Universal three-body bound states in mixed dimensions beyond the Efimov paradigm

Abstract: The Efimov effect was first predicted for three particles interacting at an $s$-wave resonance in three dimensions. Subsequent study showed that the same effect can be realized by considering two-body and three-body interactions in mixed dimensions. In this work, we consider the three-body problem of two bosonic $A$ atoms interacting with another single $B$ atom in mixed dimensions: The $A$ atoms are confined in a space of dimension $d_A$ and the $B$ atom in a space of dimension $d_B$, and there is an interspecies $s$-wave interaction in a $d_{\rm int}$-co-dimensional space accessible to both species.
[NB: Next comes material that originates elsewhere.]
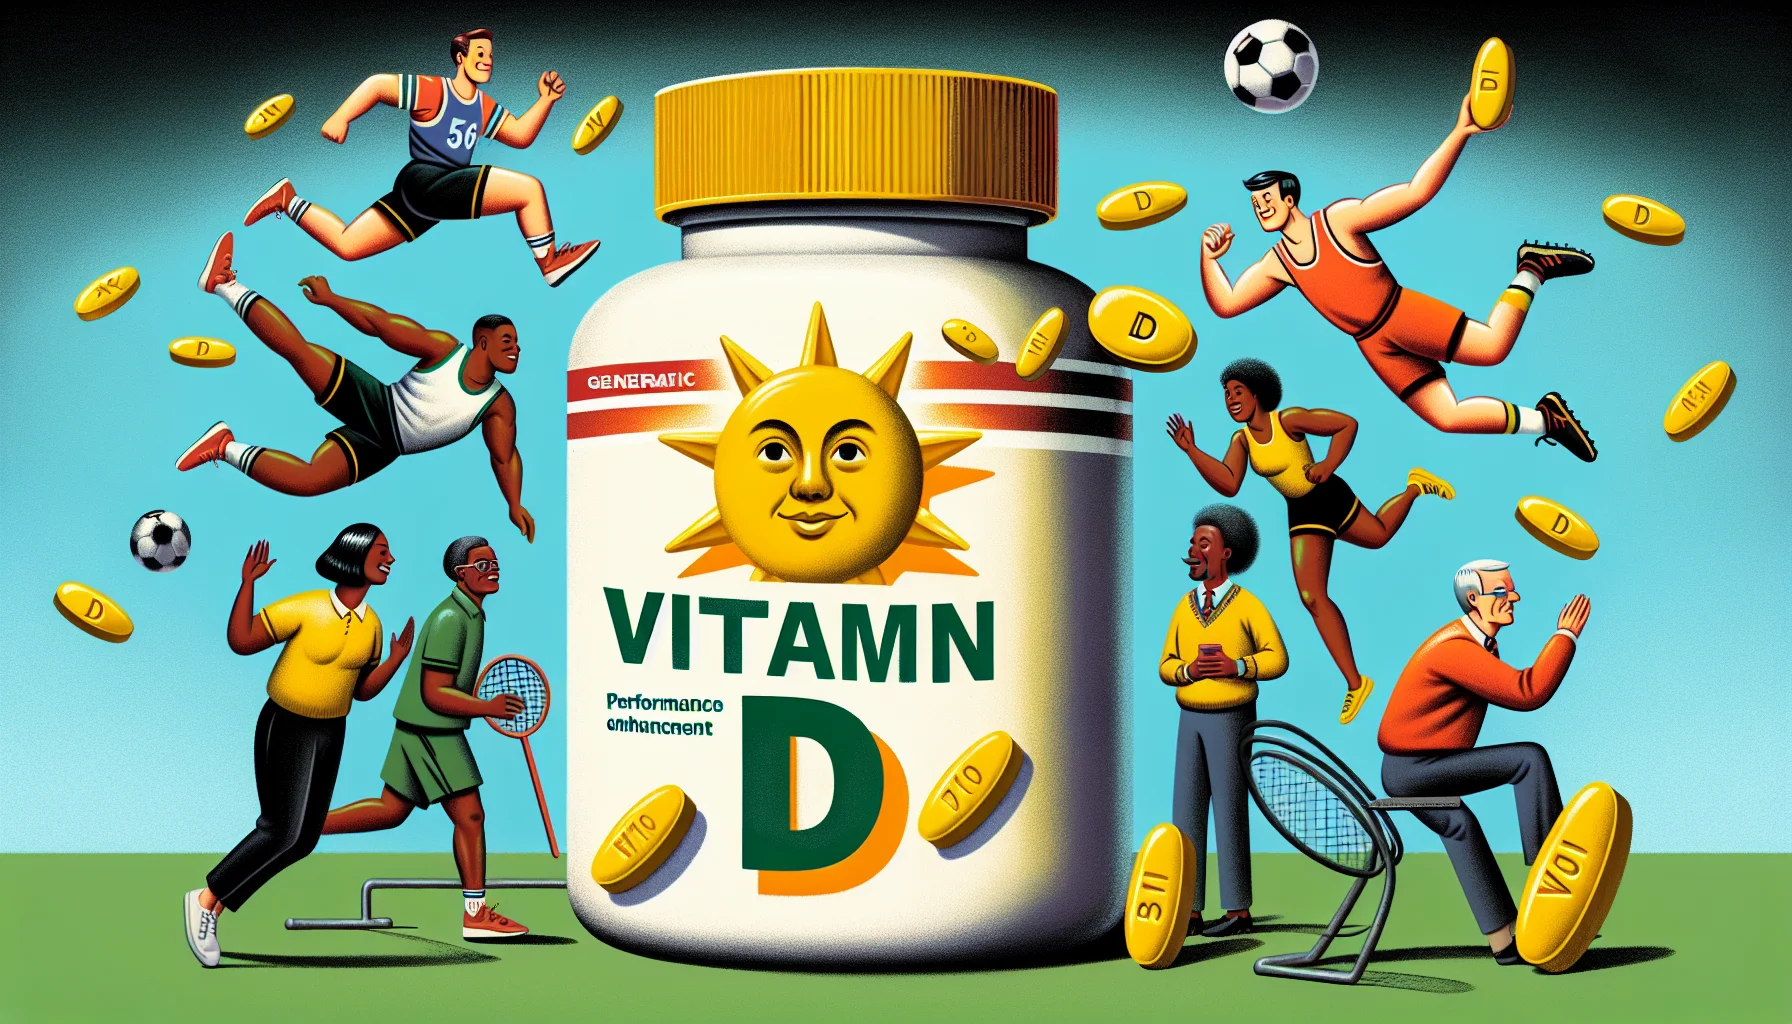 Create a lively image capturing multiple elements. Show a cartoon-style depiction of a large, standout container of vitamin D from a generic pharmacy, where the vitamins are humorously shaped like miniature suns. They are participating in various athletic events - soccer, athletics, swimming, etc., looking competitive yet endearing, making light of the idea of 'performance enhancement'. Next to them, people from diverse descents including Caucasian, Black and Hispanic, both male and female, are all exercising and having fun, looking at the vitamins in merriment. The aura suggests that vitamin D supplements could be a great addition to sports and overall health.

We find that when the $s$-wave interaction is tuned on resonance, there emerge an infinite series of universal three-body bound states for ${d_A,d_B,d_{\rm int}}={2,2,0}$ and ${2,3,1}$. Going beyond the Efimov paradigm, the binding energies of these states follow the scaling $\ln|E_n|\sim-s(n\pi-\theta)^2/4$ with the scaling factor $s$ being unity for the former case and $\sqrt{m_B(2m_A+m_B)}/(m_A+m_B)$ for the latter. We discuss how our mixed dimensional systems can be realized in current cold atom experiment and how the effects of these universal three-body bound states can be detected.